Millions face average energy bills of £2,000 as price cap raised
Although widely predicted, the hike in energy bills will come as a shock to many households already struggling to cope with the rising cost of living.
Those on default tariffs paying by direct debit will see bills rise by more than half (54%), an increase of £693 (difference due to rounding) while prepayment customers will see an increase of £708 from £1,309 to £2,017.
The price hike will affect 22 million customers, and energy regulator, Ofgem, said the increase is driven by a record rise in global gas prices over the last six months, with wholesale prices quadrupling in the last year.
Further, since the price cap was last updated in August, the current level “does not reflect the unprecedented record rise in gas prices which has since taken place”.
Jonathan Brearley, chief executive of Ofgem, said: “We know this rise will be extremely worrying for many people, especially those who are struggling to make ends meet, and Ofgem will ensure energy companies support their customers in any way they can.
“The energy market has faced a huge challenge due to the unprecedented increase in global gas prices, a once in a 30-year event, and Ofgem’s role as energy regulator is to ensure that, under the price cap, energy companies can only charge a fair price based on the true cost of supplying electricity and gas.
“Ofgem is working to stabilise the market and over the longer term to diversify our sources of energy which will help protect customers from similar price shocks in the future.”
Ofgem added it will tomorrow announce further measures to help the energy market.
Justina Miltienyte, energy policy expert at Uswitch.com said this is the toughest energy price hike in recent memory and brutally comes at a time when other essential bills are rising.
“This situation is even worse for those in fuel poverty, who are already trapped in a vicious cycle of energy debt.
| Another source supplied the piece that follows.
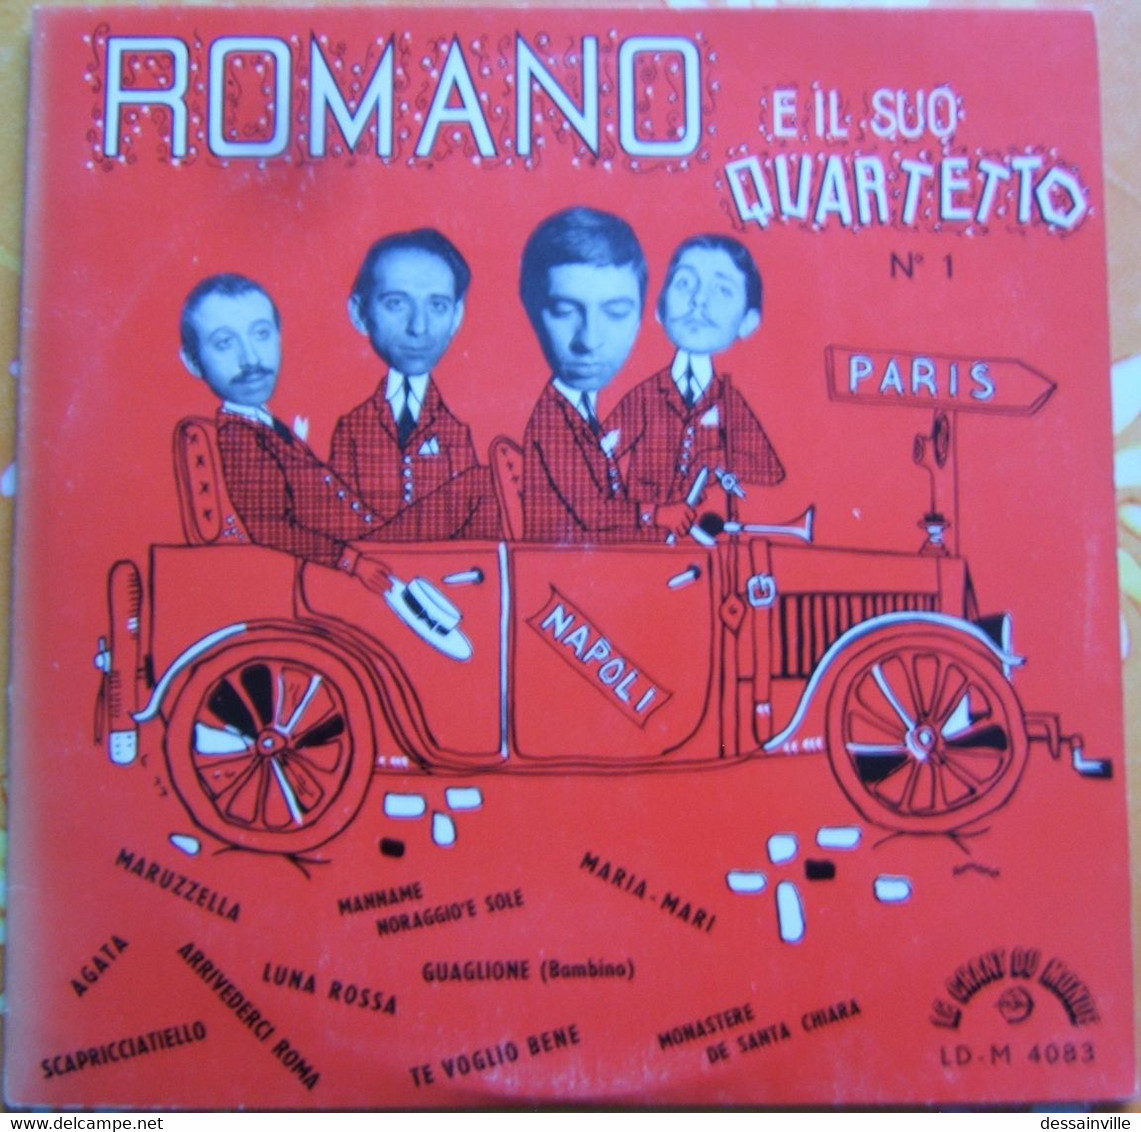 33 Tours 25 Cm - ROMANO E Il Suo Quartetto N° 1 - Altri - Musica Italiana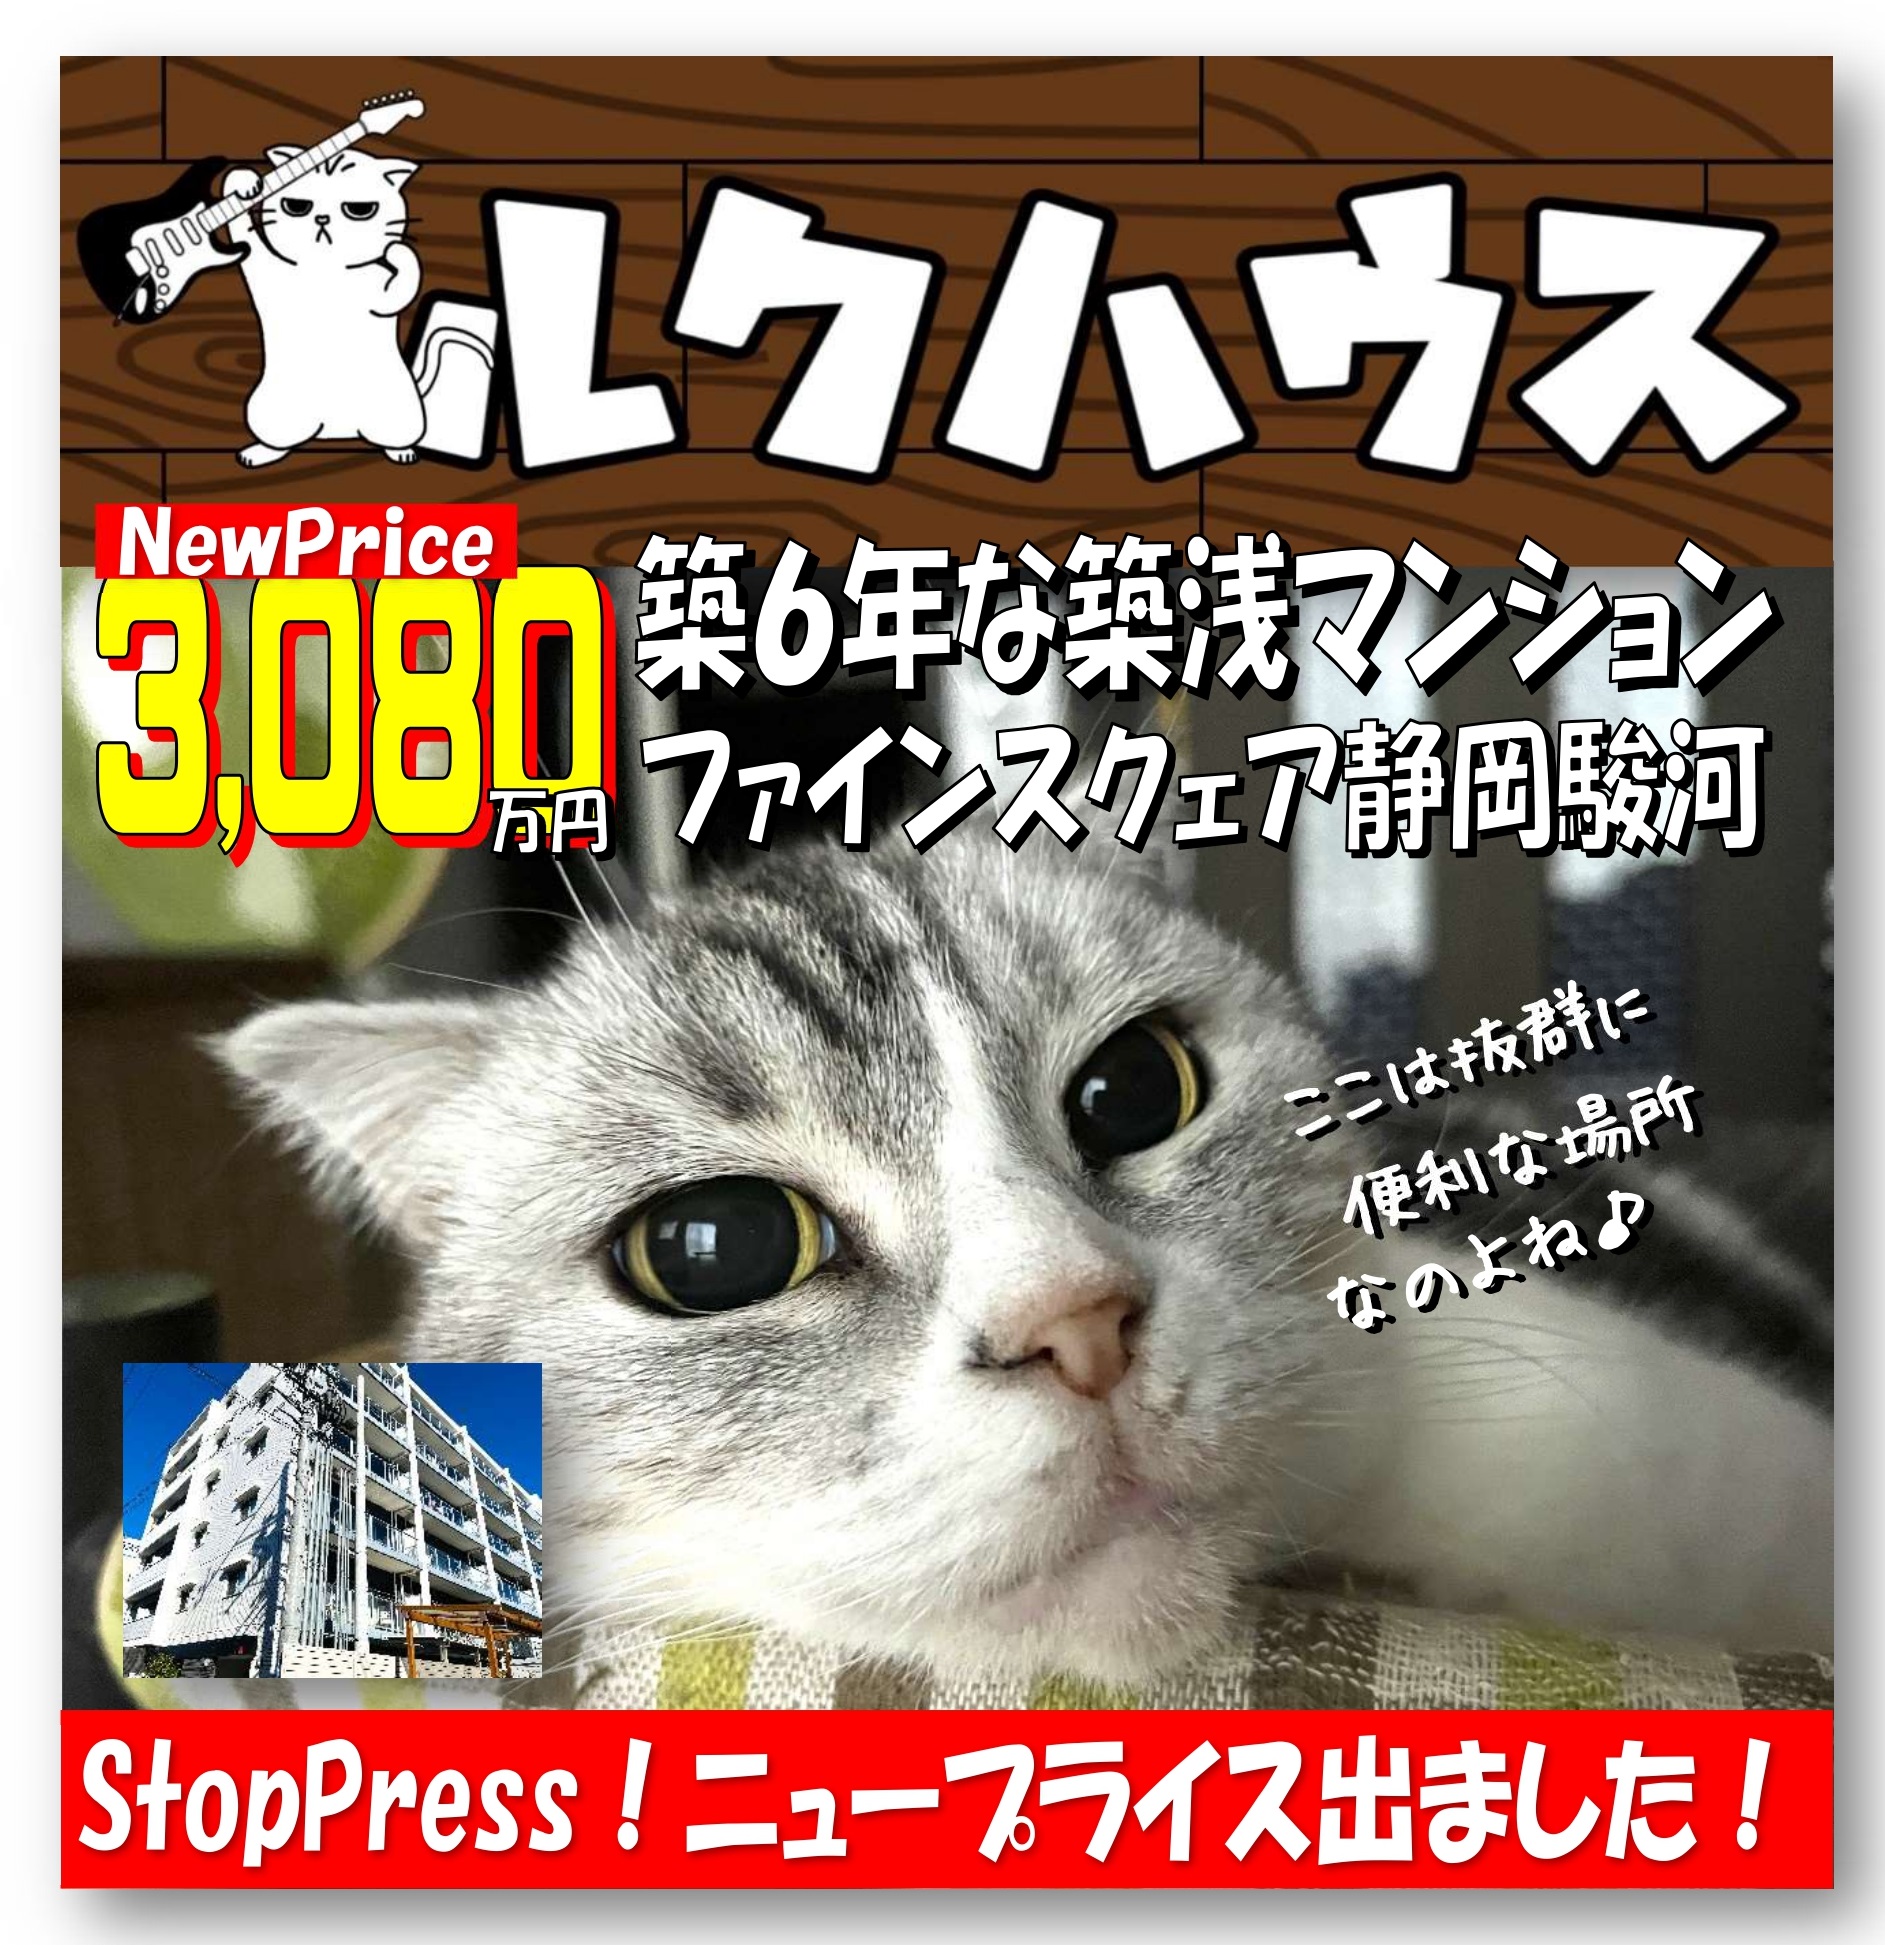 ■StopPress！ニュープライスは3080万円■　駿河区中吉田・ファインスクェア静岡駿河

It calls into sharp focus just how vital the government support for the most vulnerable households is.
“If you’re worried about getting into debt, it is important to contact your supplier as soon as possible. It’s also worth checking what grants and schemes might be available to help cover your energy bills, particularly if you or someone you know is vulnerable.”
Miltienyte added that the “only saving grace” is that the price rises won’t take hold until April, meaning customers on standard plans will keep their existing rates for the rest of this winter.
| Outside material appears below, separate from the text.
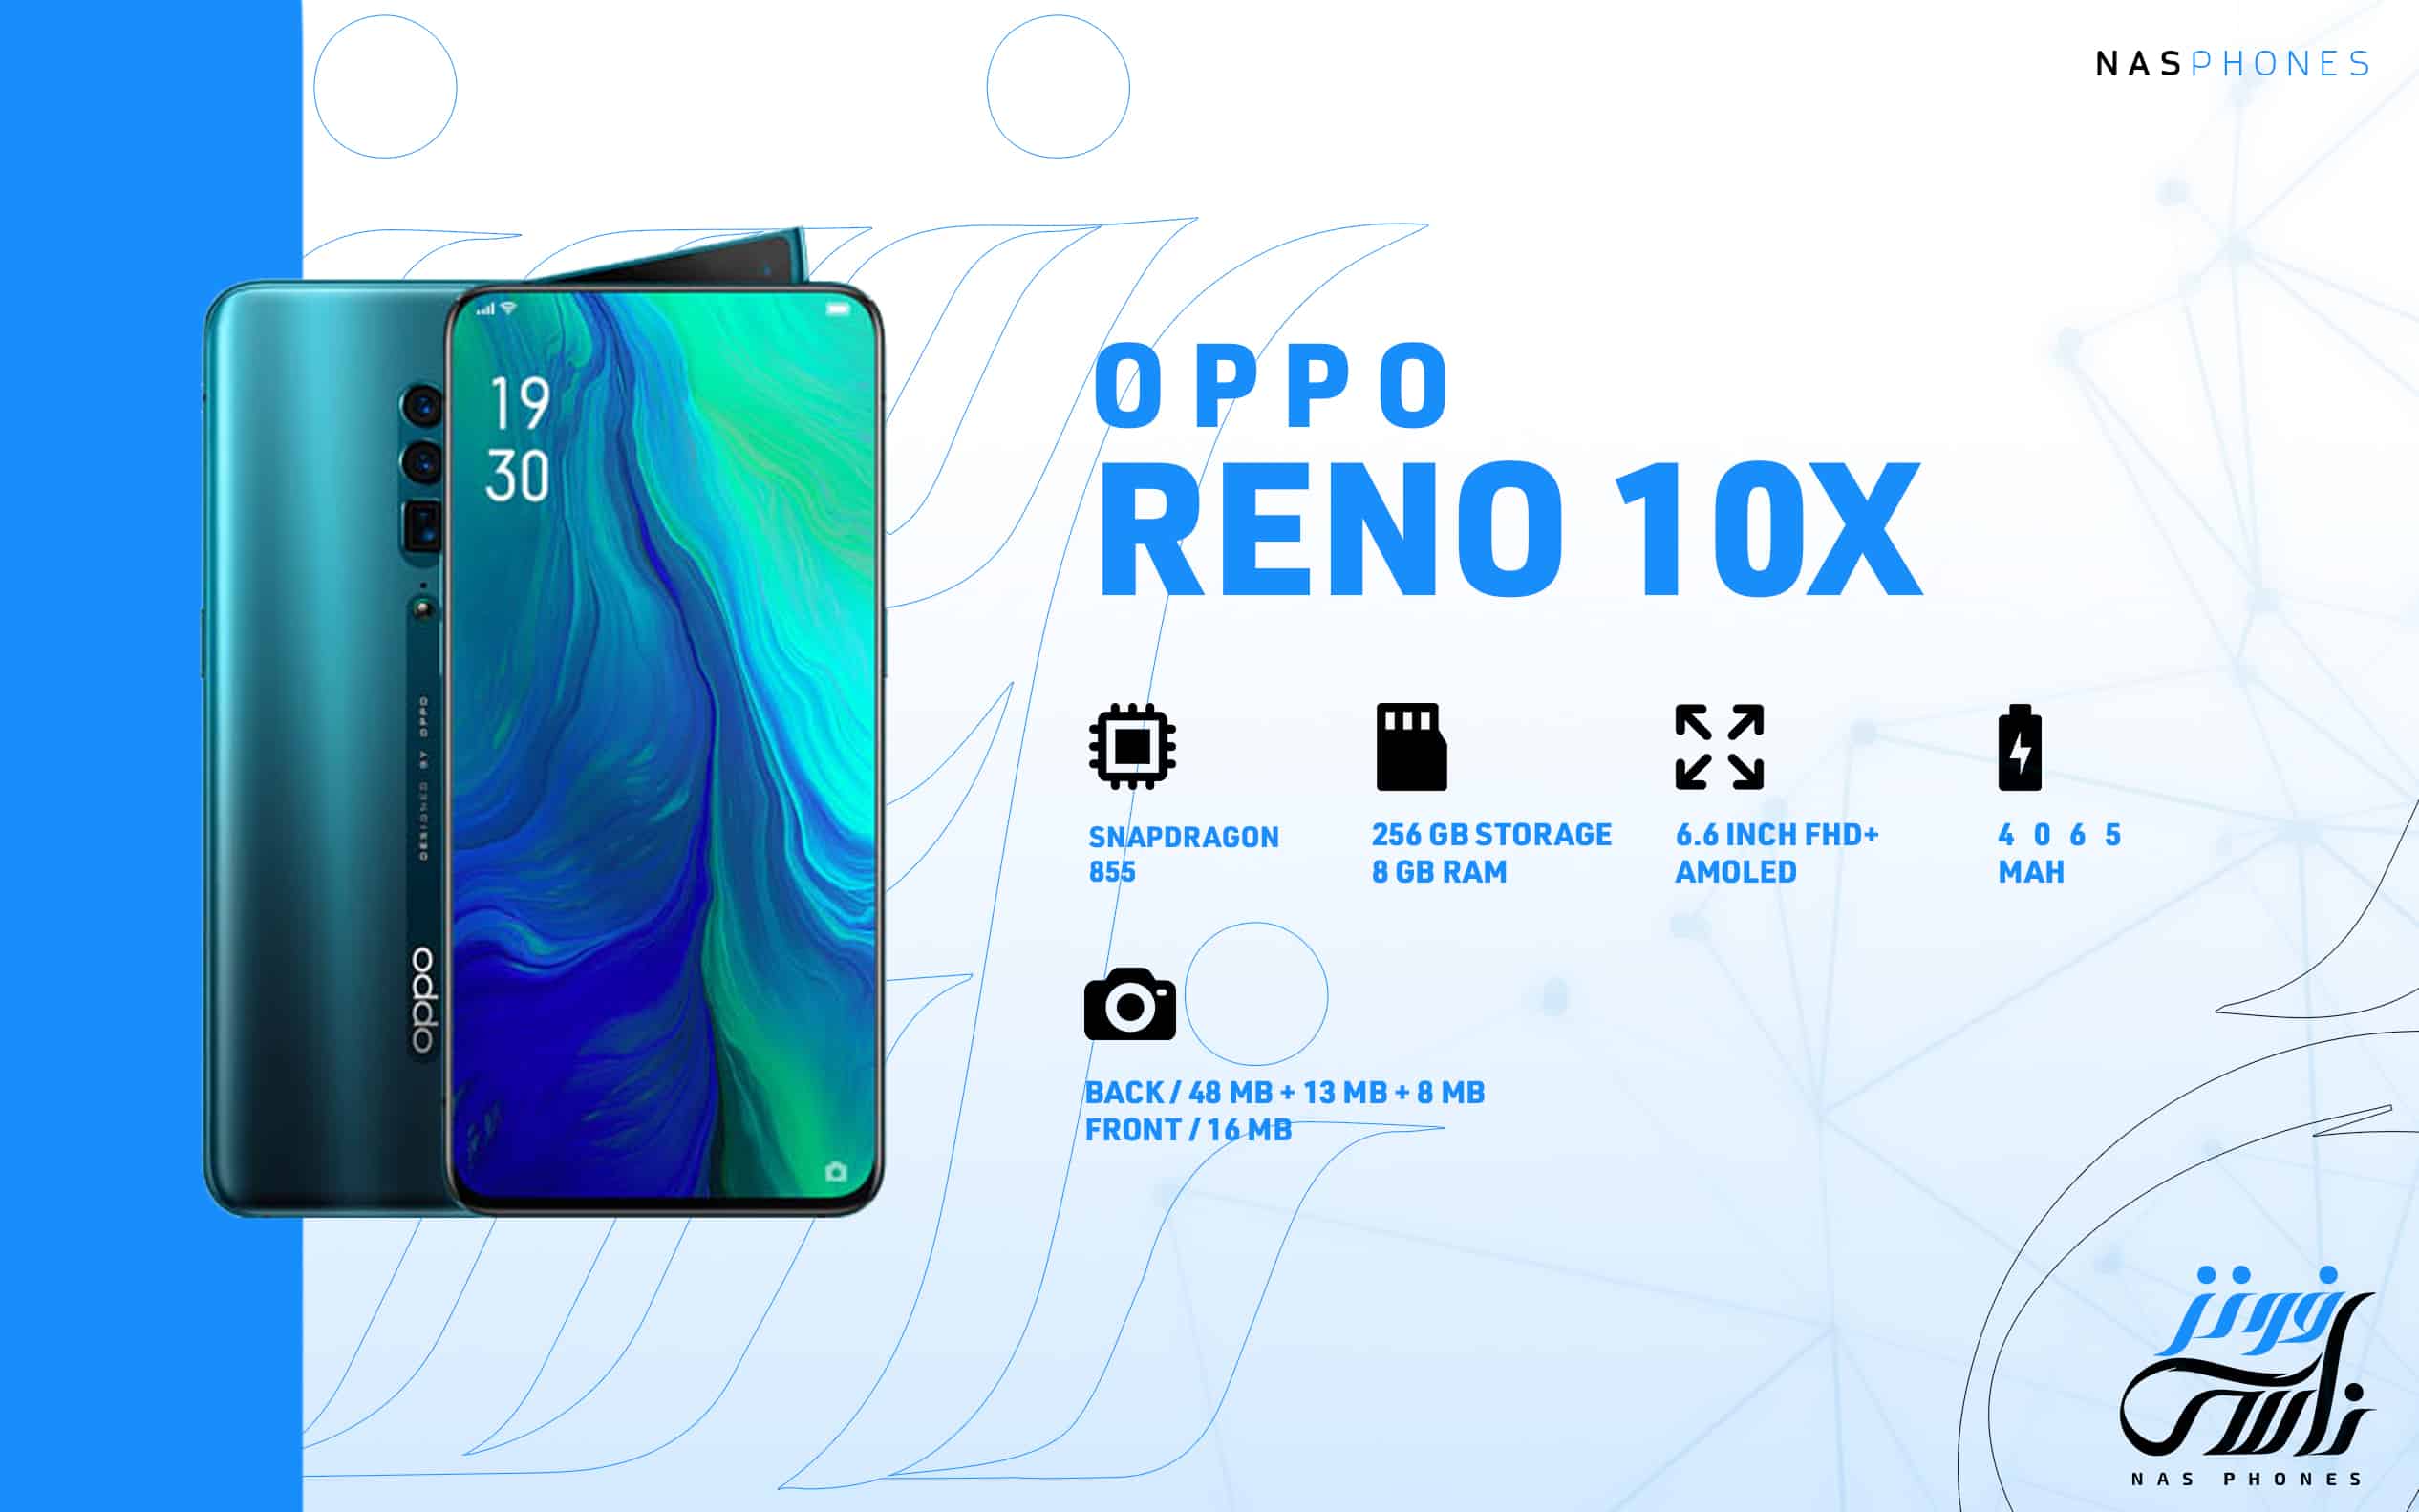 Oppo Reno 10x

“Despite the bill hike announcement, for most people it’s probably best to stay on your supplier’s default tariff for now, unless you are already locked into a fixed deal. It’s important to keep an eye on the market and be ready to fix a new deal as and when they become available,” she said.
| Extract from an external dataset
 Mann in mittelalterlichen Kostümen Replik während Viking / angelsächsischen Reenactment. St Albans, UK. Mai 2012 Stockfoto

What is the energy price cap?
The energy price cap is a limit on the unit rate and standing charge that energy suppliers can charge.
The cap is set by energy regulator Ofgem, and it’s based on how much suppliers need to spend to get energy to your home. It’s calculated using average energy use in the typical home.
Ofgem reviews the energy price cap twice a year to take into account the varying costs of wholesale energy. The idea is this keeps prices fair ensuring costs passed on to consumers reflect legitimate costs suppliers incur to supply energy. It makes a calculation in February with the cap effective from 1 April, and then another calculation in August with the cap effective from 1 October.
Ofgem introduced the cap to try and protect customers from unexpected price rises. However, it’s important to understand that the energy price cap doesn’t set a limit for your total bill – what is capped is how much you can be charged for a unit of energy. Energy is measured in kWh or kilowatt hours.
The energy price cap only affects households on their supplier’s standard or default tariff – those on fixed tariffs won’t be affected. However, if your energy supplier has stopped trading and you’ve been switched to a new supplier, you are likely to be on a default tariff.
Historically, fixed energy tariffs were cheaper than default tariffs. But rising energy prices mean most energy firms are pricing their fixed tariffs with higher unit charges than the price cap, or stopping offering fixed deals altogether. This means many consumers have little choice than to pay higher prices for energy.
In the past six months, the energy price cap has meant energy firms have been unable to pass soaring wholesale energy costs onto customers. This means many suppliers have paid more for energy than they could charge to consumers – this has led to close to 30 energy suppliers going bust. Energy suppliers that have ceased trading include Utility Point, People’s Energy, PfP Energy, MoneyPlus Energy, Avro Energy, Green, Igloo Energy, Enstroga, Symbio Energy, Bulb and Together Energy.
Experts had predicted this price cap review could see a rise in hundreds of pounds. Numerous organisations have warned that a rising energy bills could see millions of households plunged into fuel poverty. The Joseph Rowntree Foundation called for more support for vulnerable households last month, while Citizens Advice said it had seen a steep rise in people seeking help with energy debts.